After a dismal 2022 where stock prices cratered as the central bank started to lift borrowing costs, the S&P 500 has jumped nearly 18% year-to-date, powered higher by the rise of AI, cooling inflation, and dwindling recession odds.
However, in a note to clients on Tuesday, Bank of America analysts warn: “US rates climbing close to last year’s highs may pose an underpriced risk for the equity market.”
“Higher yields were a major driver of S&P downside in 2022, but the market’s sensitivity to rates seemed to weaken this year. At least until recently,” they added, noting that the correlation between the benchmark index and 10-year US Treasury yields recently fell to its lowest level in 23 years.

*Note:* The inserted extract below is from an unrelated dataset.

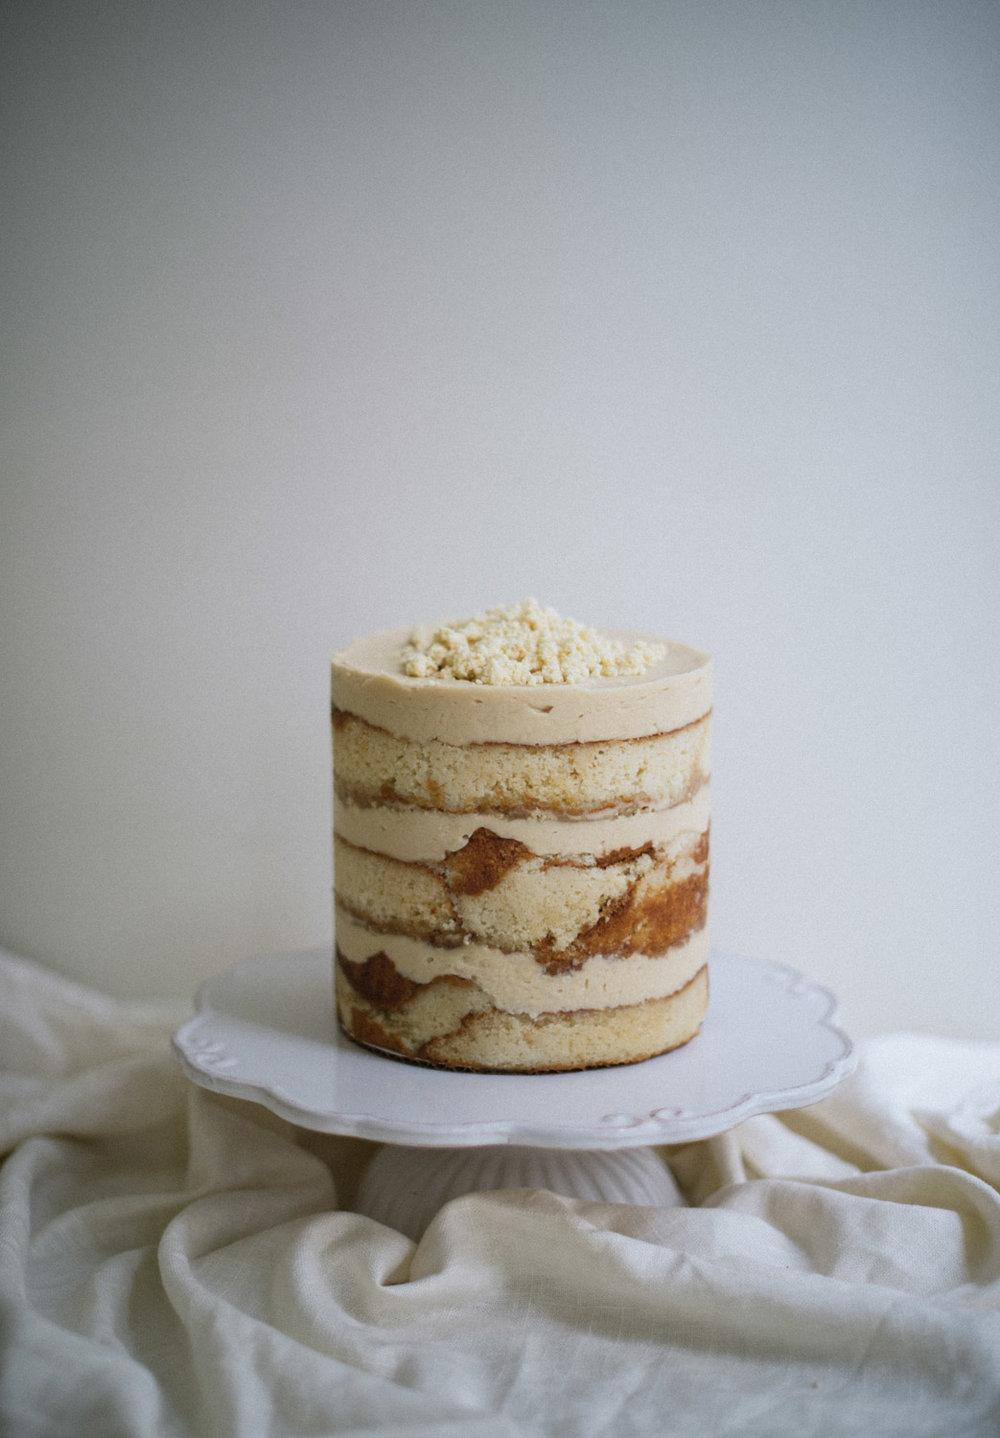 Caramel Layer Cake // caramel cake, caramel buttercream, caramel sauce, and white chocolate milk crumb

The Fed has tightened by 525 basis points over the past 17 months in a bid to clamp down on inflation. Bond yields are typically closely tied to the bank’s benchmark rate – and when they rise, fixed-income assets grow more appealing relative to stocks, as they offer increasingly large returns with much less risk.
Bank of America’s warning comes as waves of positive economic data have given investors plenty to be hopeful about. The bank’s own forecasters walked back a previous prediction that there would be a US recession in 2023 last week, citing solid growth and near-record low unemployment.
But recession fears ebbing could just end up putting rising rates back to the top of investors’ list of worries, BofA said.
“Should concerns about recession keep fading and fears of inflation or a tighter-than-expected Fed return, there is a risk that higher rates once again become a headwind for stocks,” the analysts wrote.